Teaching a neural net to lose money on Bitcoin, faster
A Deep Q-Learning agent that trades Bitcoin using the DeepSense architecture, with Docker support and TensorBoard logging.

What it does
This project trains a reinforcement learning agent to trade Bitcoin on a per-minute basis. It uses Deep Q-Learning with three possible actions per trading unit: neutral, long, or short. The agent receives rewards based on its current position and learns to maximize accumulated returns. A Docker image is provided that pulls fresh Coinbase transaction data, preprocesses it, and spins up TensorBoard on port 6006.
The interesting bit
The Q-function approximation uses DeepSense, an architecture originally designed for sensor fusion (think accelerometer + gyroscope data), adapted here for a single time series. The author also borrows the “unrealized PnL” reward concept from prior work, with plans to add exponential decay weighting to stabilize learning — though this remains unchecked on the todo list.
Key highlights
- Preprocessing extracts 180-minute history windows from Coinbase per-minute data, filtering out gaps too short for training episodes
- Docker image includes vim, screen, and auto-fetched Bitcoin price data at
/deep-trading-agent/data/btc.csv - TensorFlow 1.1.0 implementation, adapted from existing DeepSense and DQN-tensorflow repos
- Wiki documents dataset, architecture, and reward function details
- Python 2.7 codebase (yes, really)
Caveats
- Python 2.7 and TensorFlow 1.1.0 are frozen in amber; modern environments will need the Docker image or significant migration work
- The “exponentially decayed weighted unrealized PnL” reward function — described as key to stabilizing learning — is listed as not yet implemented
- Advanced preprocessing (gap-filling to increase usable training blocks) is also marked “to be implemented”

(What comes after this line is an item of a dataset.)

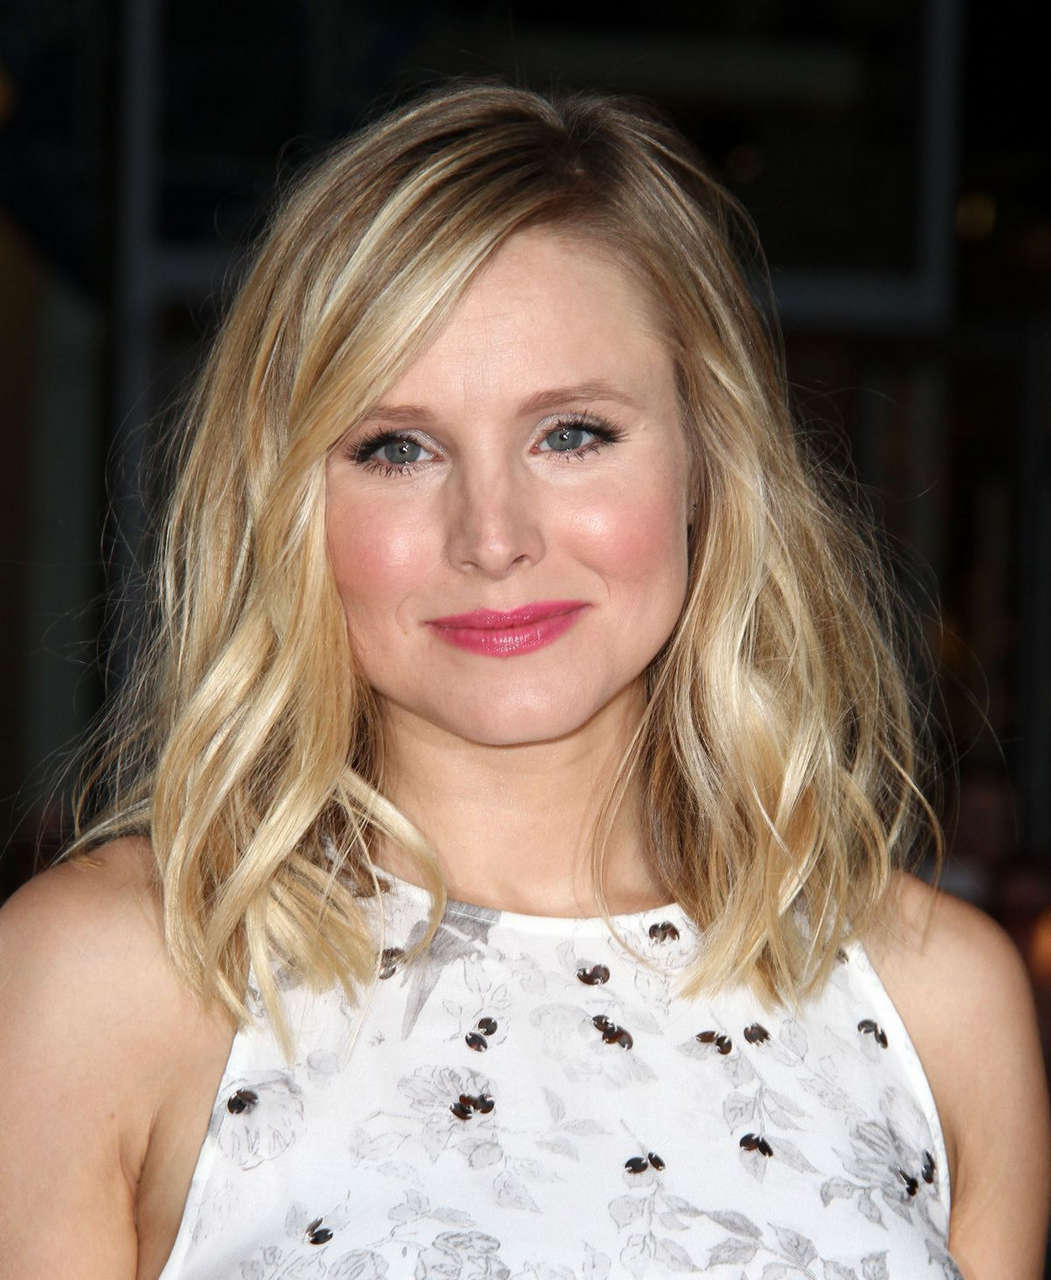 Kristen Bell This Is Where I Leave You Premiere Hollywood

- 588,000 raw blocks of continuous prices collapse to 887 usable blocks after filtering, suggesting the dataset is sparser than it first appears
Verdict
Worth a look if you’re studying reinforcement learning in financial time series and want a concrete, runnable baseline to dissect or modernize. Skip it if you need production-ready trading infrastructure or are allergic to legacy Python.